> Work to complete
Print the lines below word for word, beginning with the first and ending with the line that holds "Philips presents the", and skip every picture.

> Exercise data
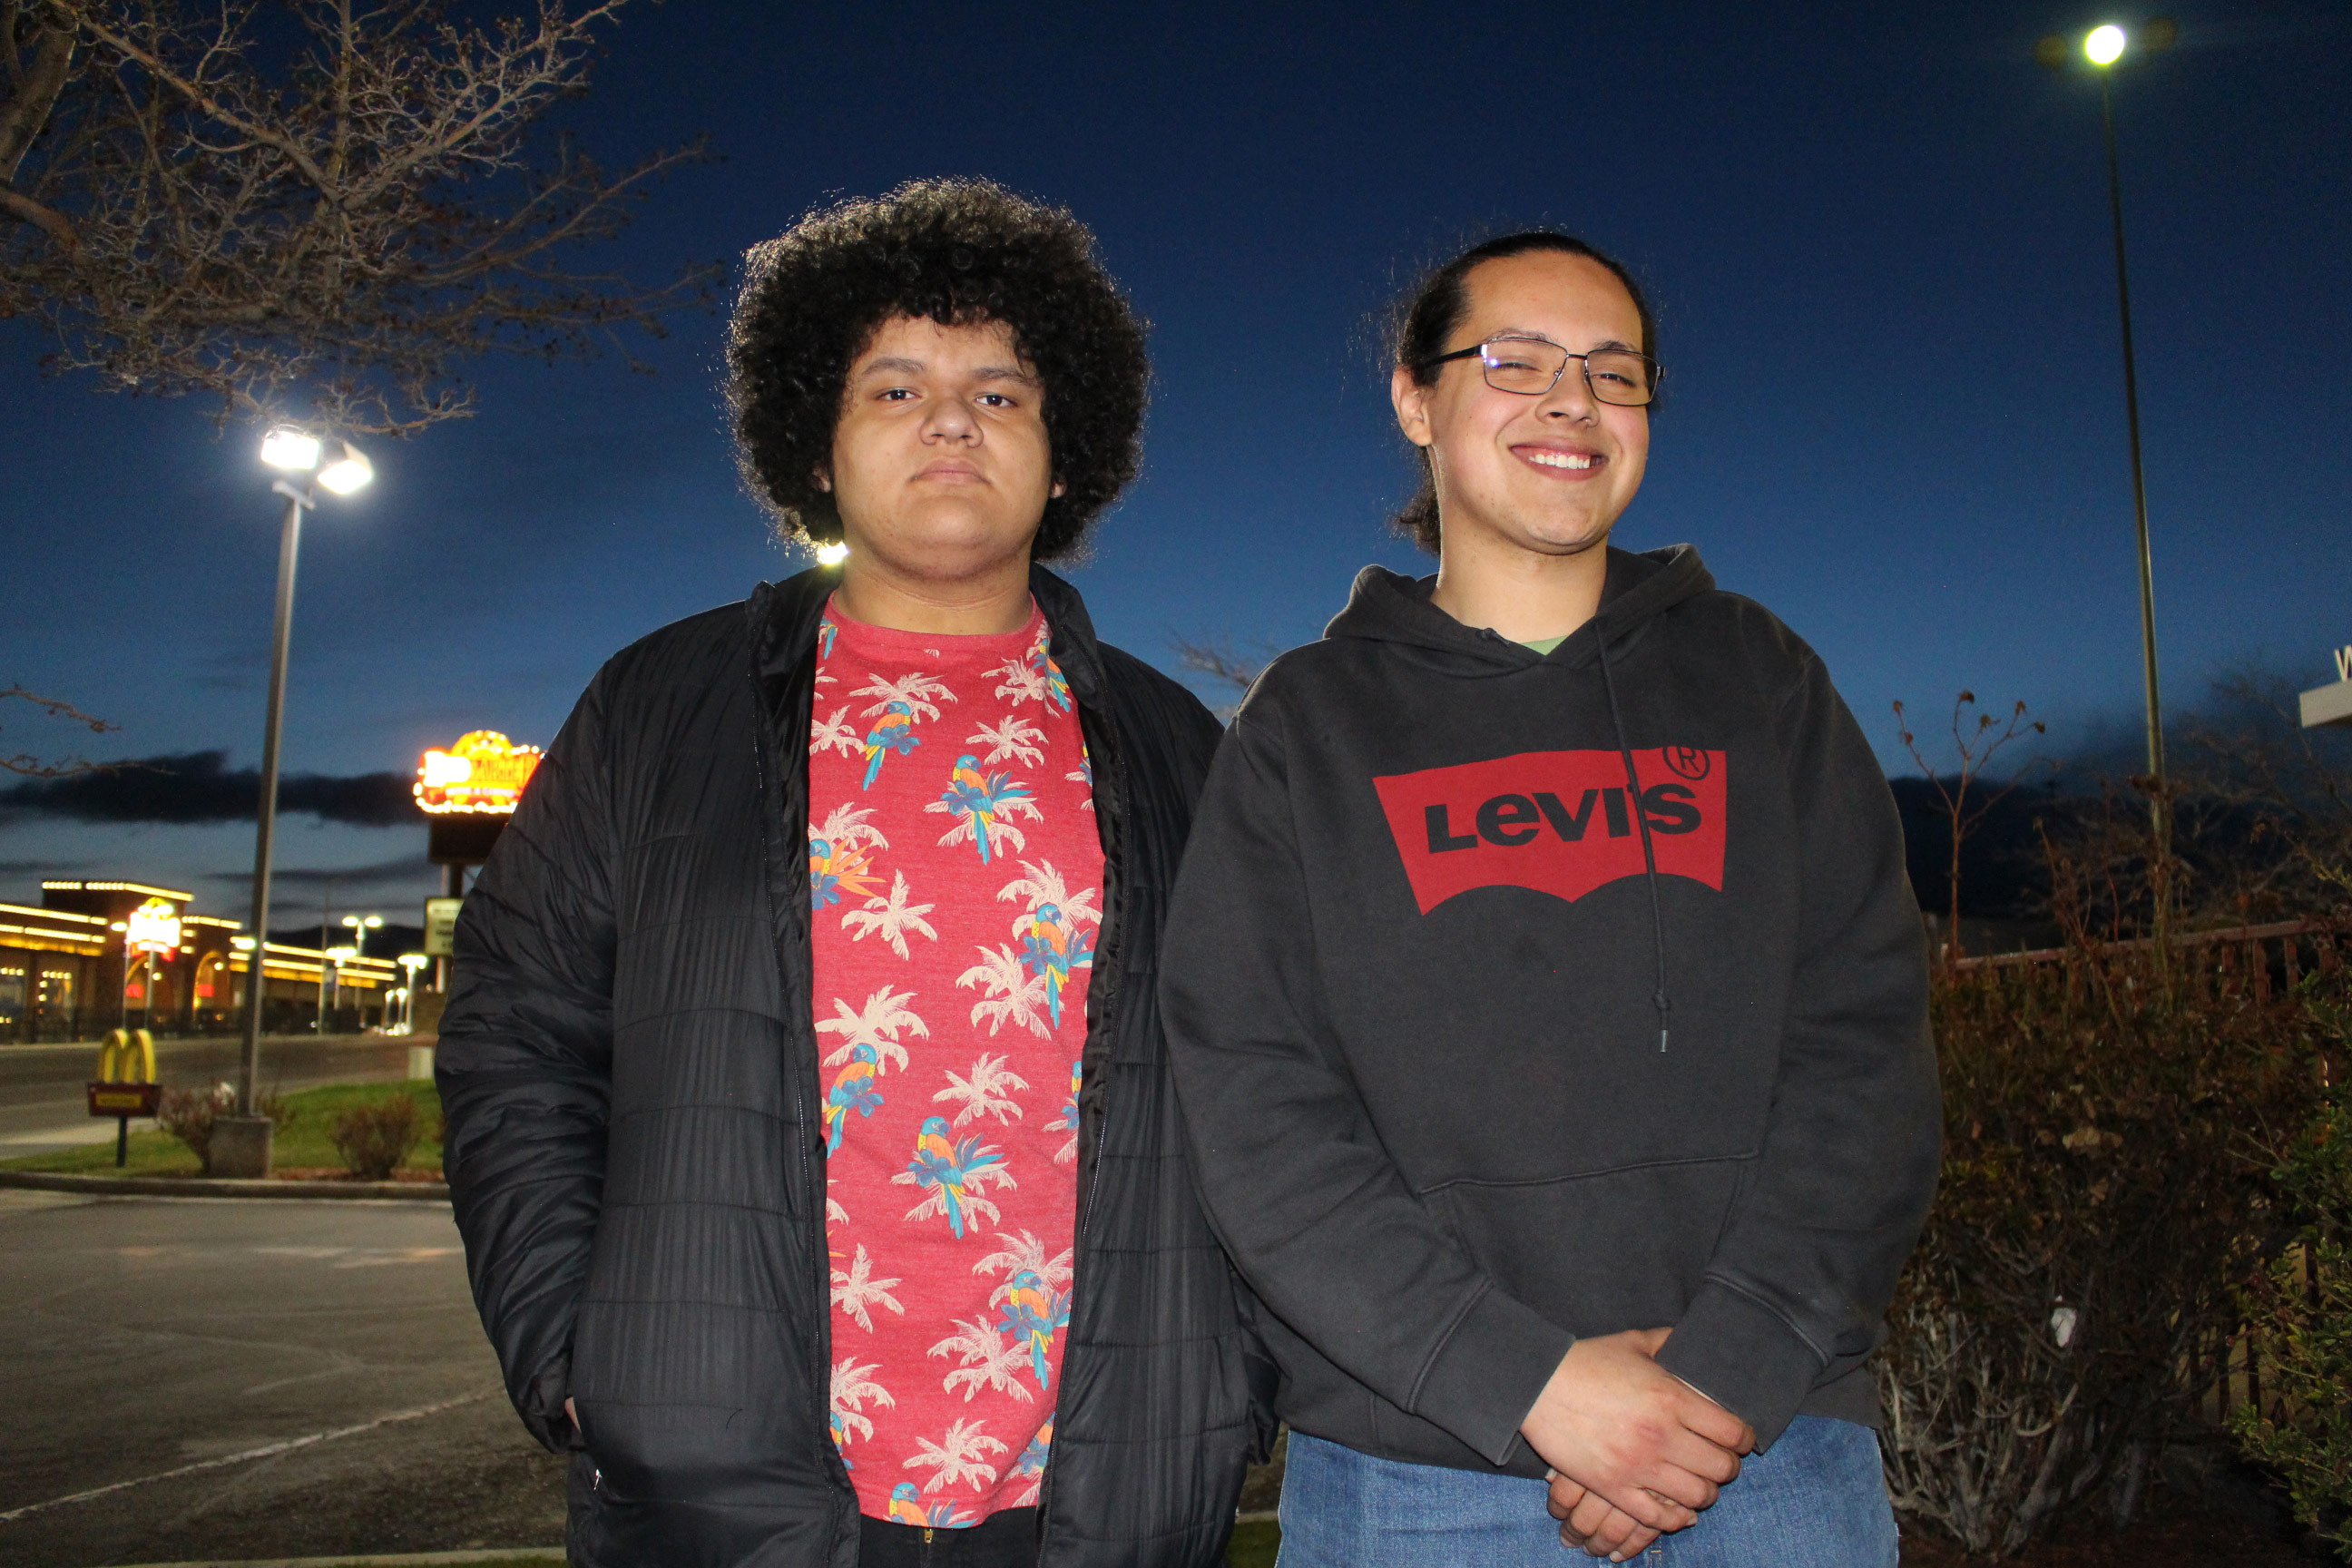 A photo of two brothers posing for a photo together outside at night.
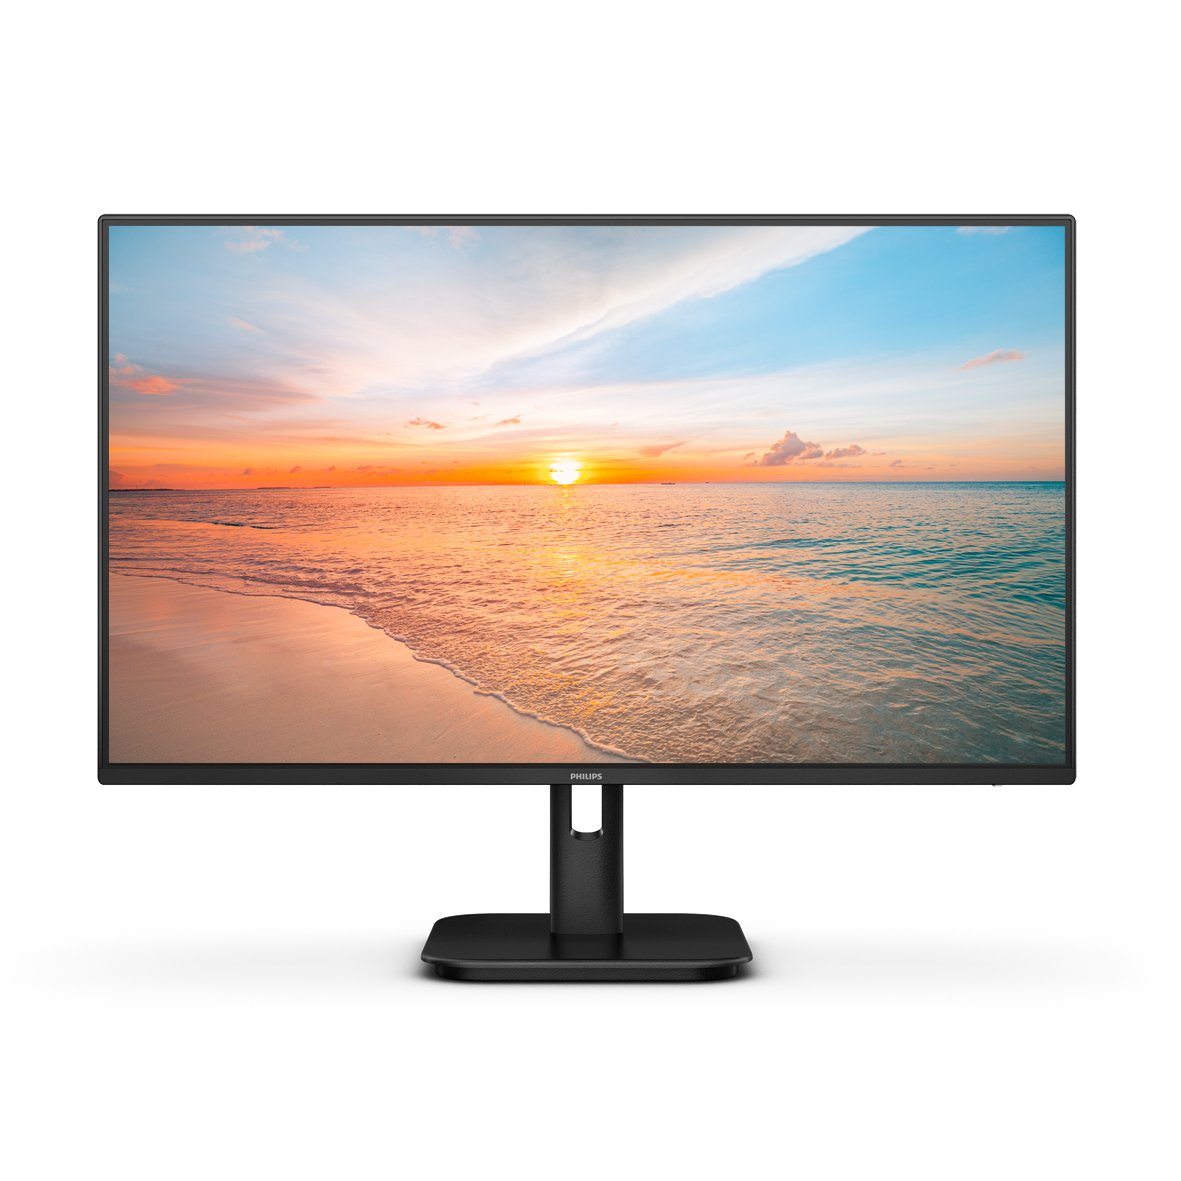 Philips presents the E1 Series: four new monitors for the Home Office
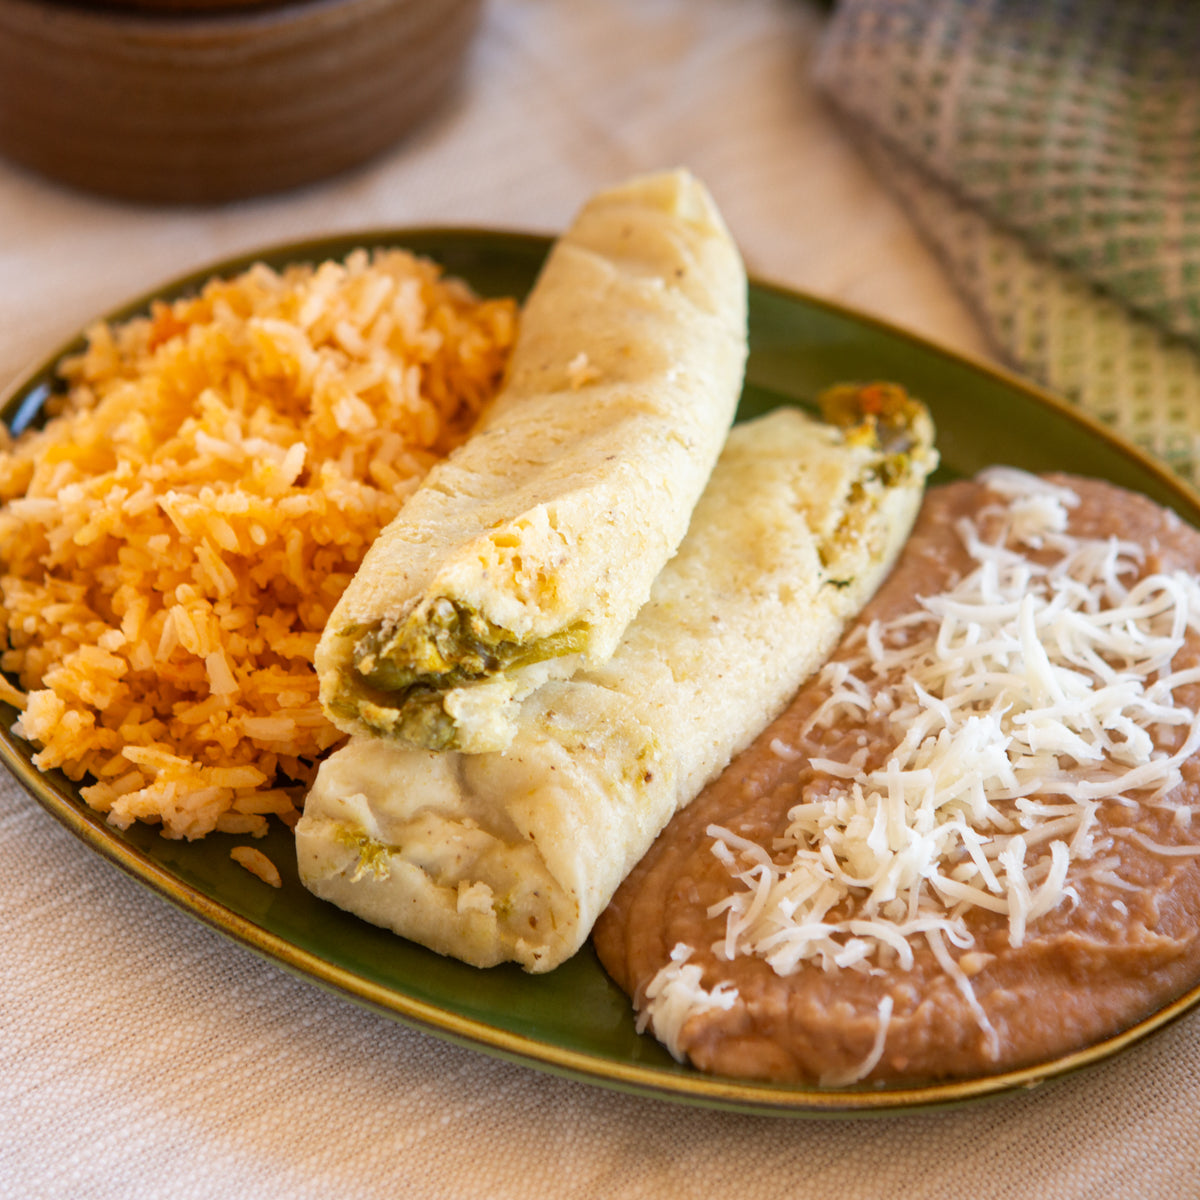 A plate with a cheese-topped burrito next to servings of orange rice and refried beans sprinkled with shredded Hatch Green Chile Veggie Tamales, placed on a beige tablecloth.

> Final answer
 A photo of two brothers posing for a photo together outside at night.
 Philips presents the E1 Series: four new monitors for the Home Office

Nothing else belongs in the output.